Hi, I really do stress that you do not buy from <snip>
I bought a pair of 'Uggs' for £90 on the 27th December 2007, they still haven't arrived (note they are not Uggs the trademarked boots). I chased the order up and was told the boots can take up to 15 days. I wrote back to explain that the boots were taking longer and that the boots aren't with the post office. Now I cannot reach anyone in customer services as they are not replying to my emails. There is no telephone number and no contact details to chase up the emails. I am currently £90 out of pocket  with no way of contacting the 'company'.


----------



## kilomike (29 Jan 2008)

*Re: UG Boots online*

They are also for sale/auction on ebay


----------



## ajapale (16 Feb 2008)

How can you tell the difference between real and fake UGG's?


----------



## fintans (17 Feb 2008)

ajapale said:


> How can you tell the difference between real and fake UGG's?


 
I know it's difficult - particularly as the people who wear them have that orange fake tan on - or is it a real tan?


----------



## big bird (17 Feb 2008)

Found this on another forum.

*When is an Ugg not an Ugg?

*Having done some digging, it appears that in Australia, the word Ugg is a generic term for sheepskin boots. So just because a pair of Ugg Boots isn’t made by “UGG® Australia” –the famous brand beloved by celebs such as Pammy Anderson – they aren’t necessarily fake. 

Aussie folks have been making Ugg-style sheepskin boots for over a century. Many MoneySavers have given feedback that alternative brands such as Kiwi Sheepskins and Snug Australia can be just as snug and comfy as UGG Australia. Kiwi Sheepskins start from £50 inc delivery and Snug Australia from £62; so if you’re not fussed about the posh brand, these can be a baa-gain (sorry!).

*How to check that boots are genuine UGG Australia *

The famous UGG Australia brand is made by Deckers corporation. If that's what you're after there are ways to spot imposters. 
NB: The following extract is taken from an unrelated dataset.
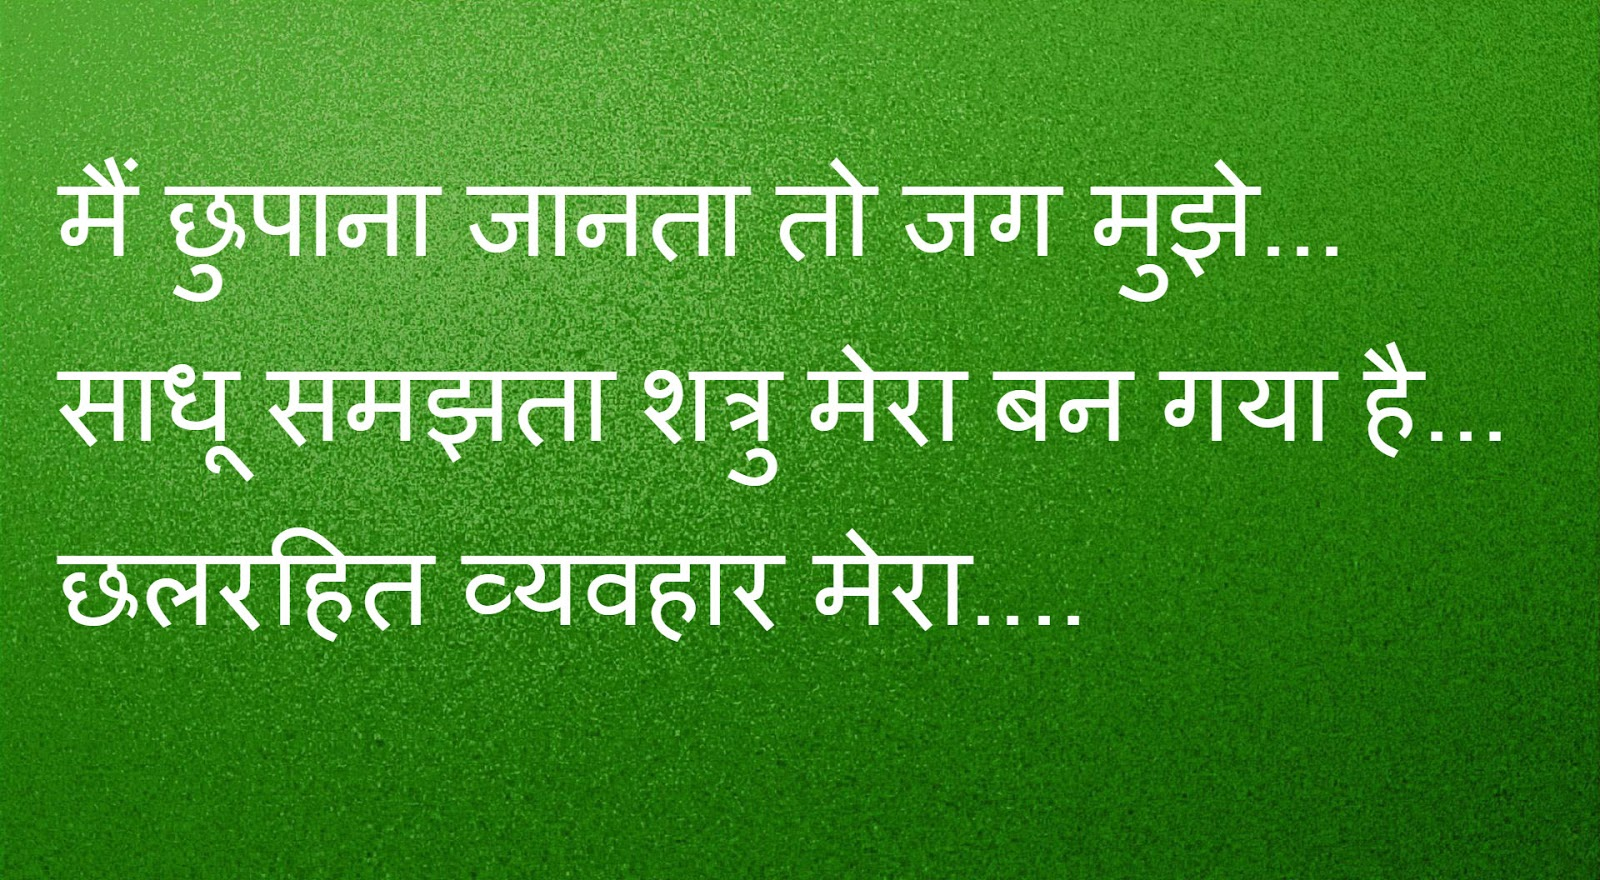 Good Line Image In Hindi Djiwallpaperco
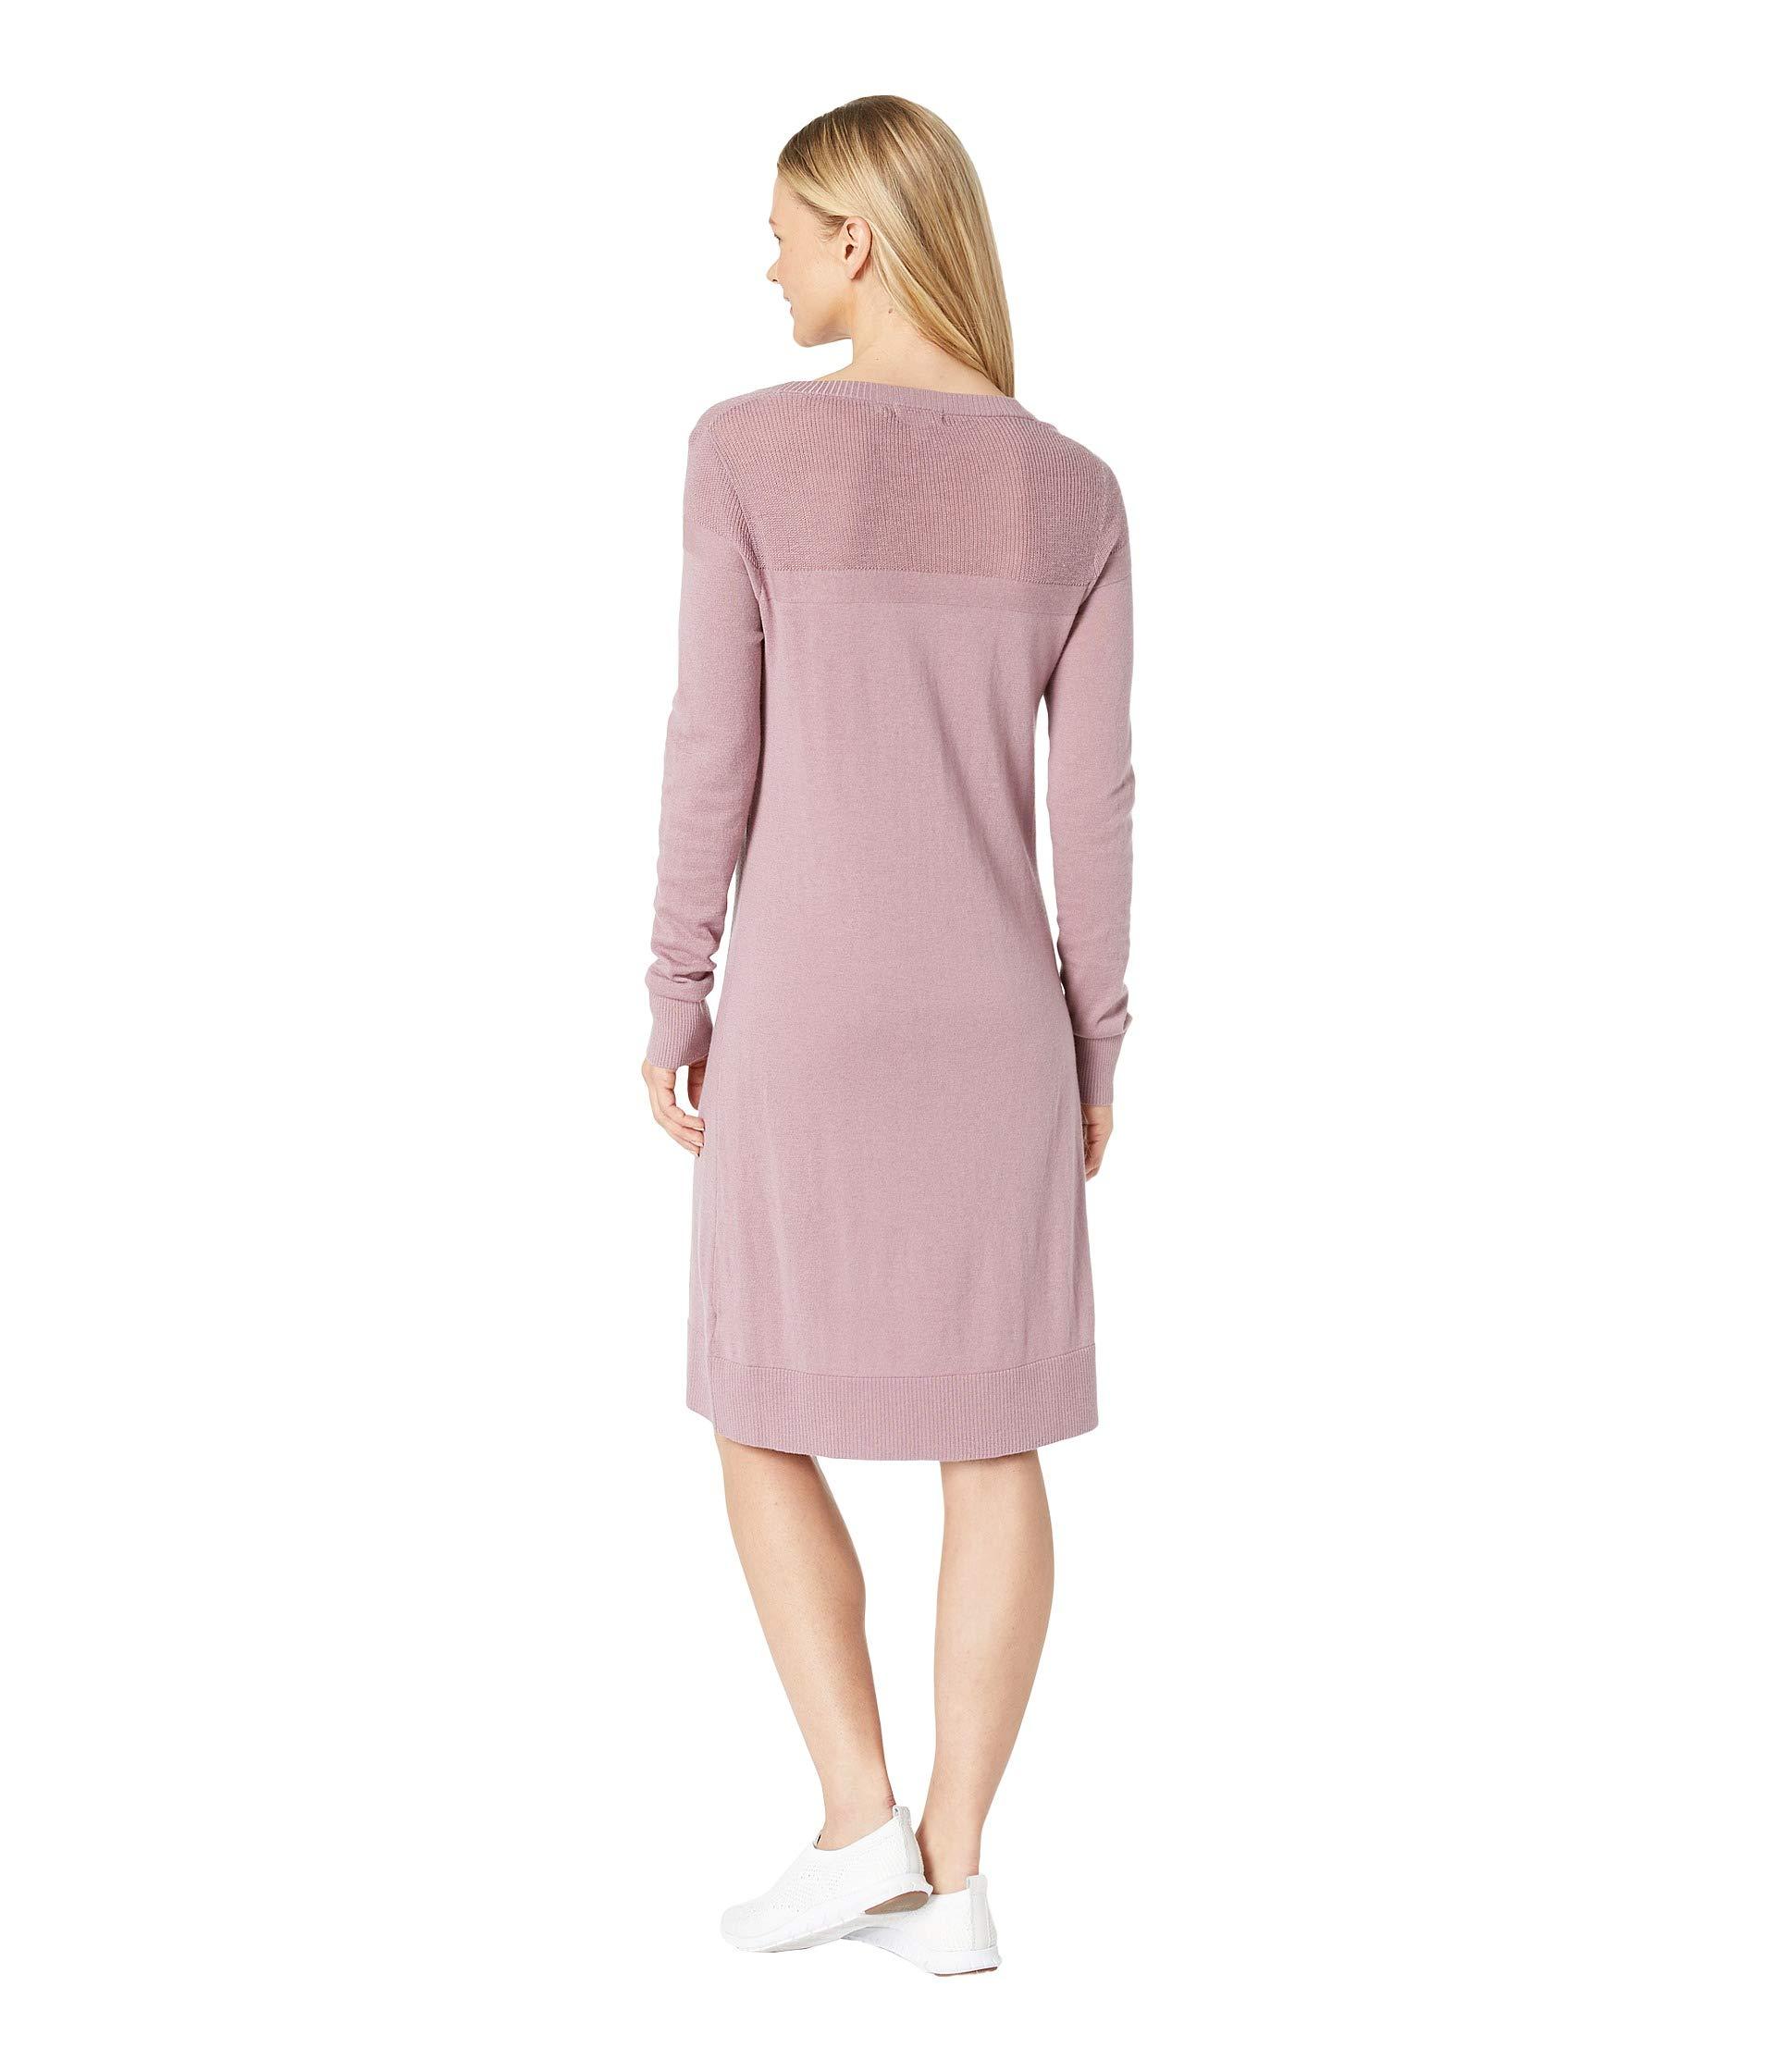 Dress Toad Mauve Sweater Cambria amp;co ARXYXxwq70

UGG Australia boots have a large middle G on the logo, as seen on the Office website
They have real sheepskin fur inside; fakes often use synthentic
They are made in New Zealand, Australia, and more recently, China
If you want to check that a retailer is legit, email Deckers at info@uggaustralia.com and ask that retailer is licensed to sell UGG Australias


----------



## ajapale (17 Feb 2008)

Thanks BB,

So theres more to UGG's than meets the eye!

aj


----------